Foetal nicotine exposure causes PKC epsilon gene repression by promoter methylation in rat hearts

Aims Foetal nicotine exposure results in decreased protein kinase C epsilon (PKC epsilon) expression and increased cardiac vulnerability to ischaemia and reperfusion injury in adult rat offspring. The present study tested the hypothesis that maternal nicotine administration causes increased promoter methylation of the PKC epsilon gene resulting in PKC epsilon repression in the heart. Methods and results Nicotine treatment of pregnant rats starting at day 4 of gestation increased the methylation of the Egr-1 binding site at the PKC epsilon gene promoter and decreased PKC epsilon protein and mRNA abundance in near-term foetal hearts. Methylation of the Egr-1 binding site reduced Egr-1 binding to the PKC epsilon promoter in the heart. Site-specific deletion of the Egr-1 binding site significantly decreased PKC epsilon promoter activity. The effects of nicotine were sustained in the heart of adult offspring. Ex vivo studies found no direct effect of nicotine on PKC epsilon gene expression. However, maternal nicotine administration increased norepinephrine content in the foetal heart.

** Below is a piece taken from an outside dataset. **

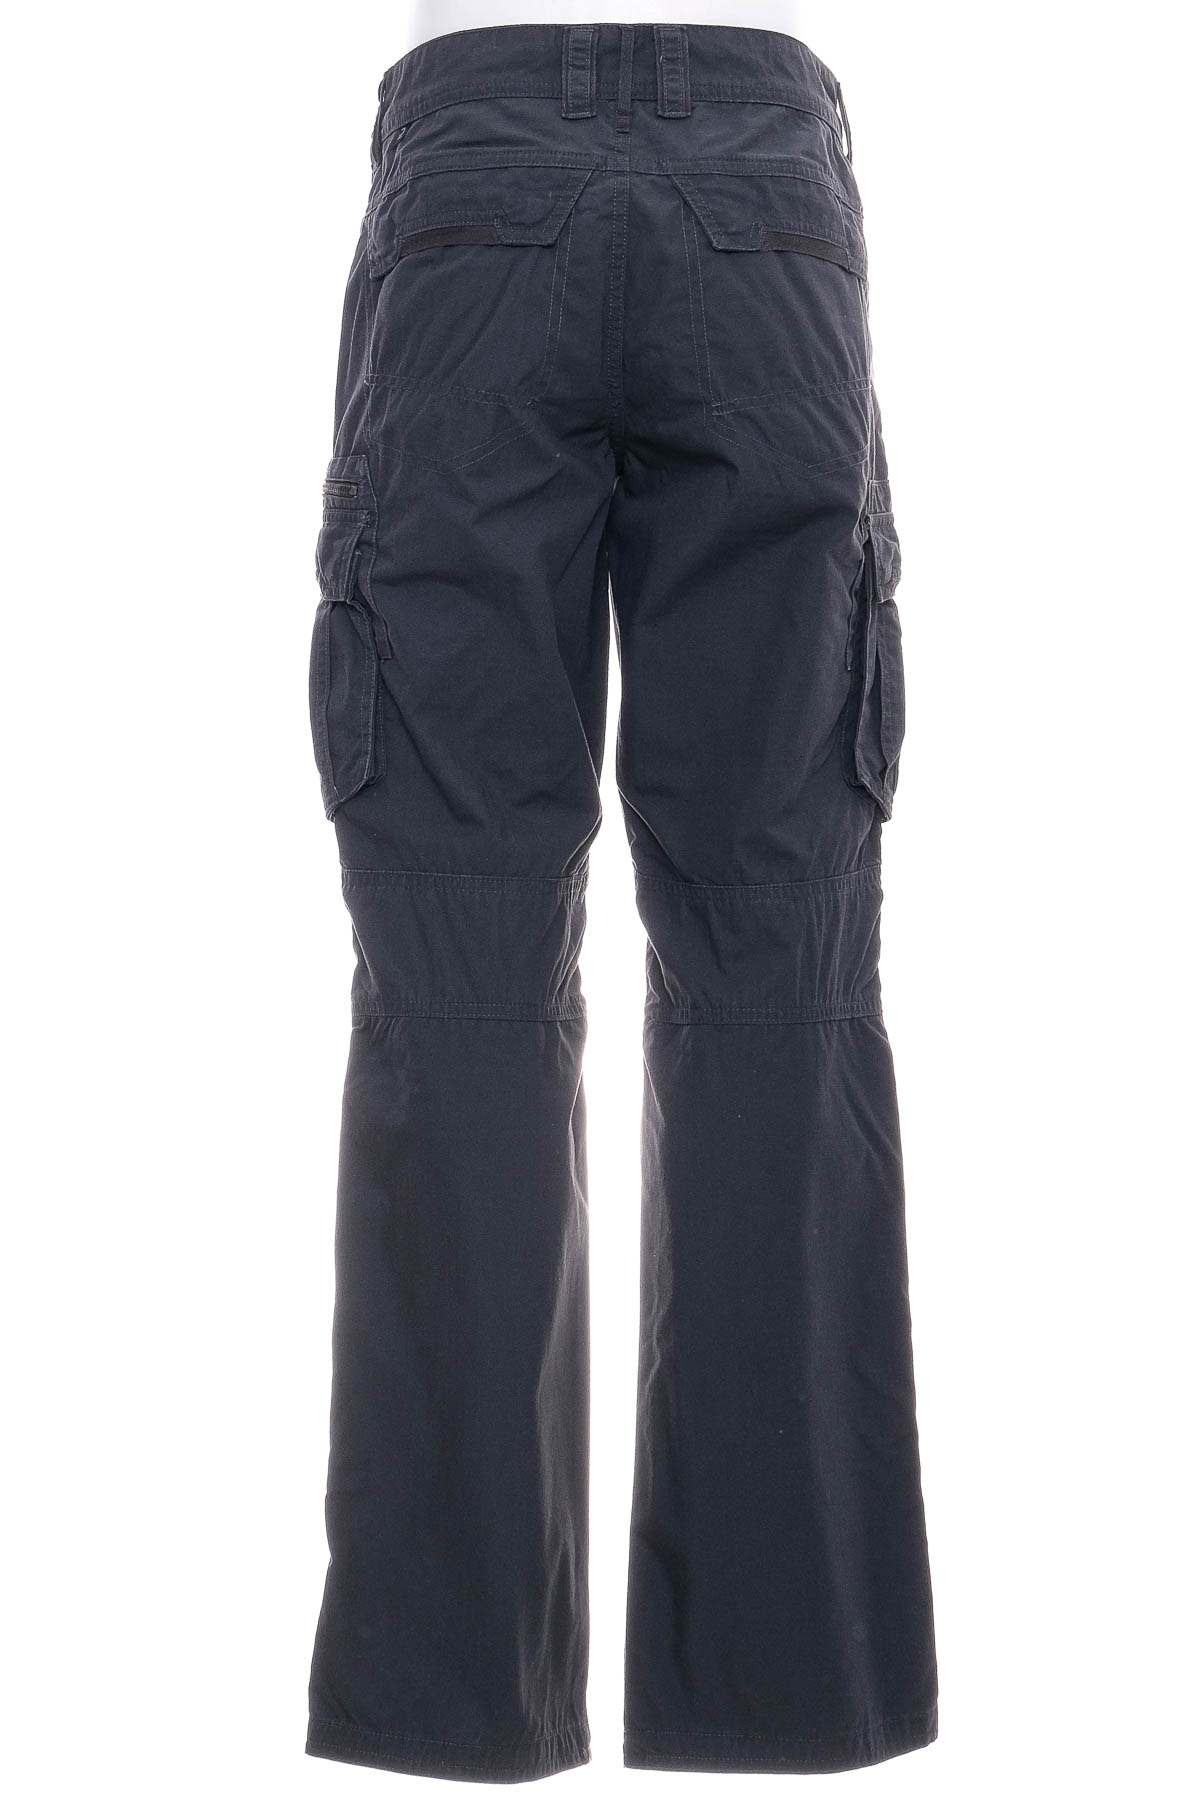 Men's trousers - FORCLAZ - 1

Treatment of isolated foetal hearts with norepinephrine resulted in the same effects of increased methylation of the Egr-1 binding site and PKC epsilon gene repression in the heart. 5-Aza-2'-deoxycytidine inhibited the norepinephrine-induced increase in methylation of the Egr-1 binding site and restored Egr-1 binding and PKC epsilon gene expression to the control levels. Conclusion This study demonstrates that prolonged nicotine exposure increases the sympathetic neurotransmitter release in the foetal heart and causes programming of PKC epsilon gene repression through promoter methylation, linking maternal smoking to pathophysiological consequences in the offspring heart.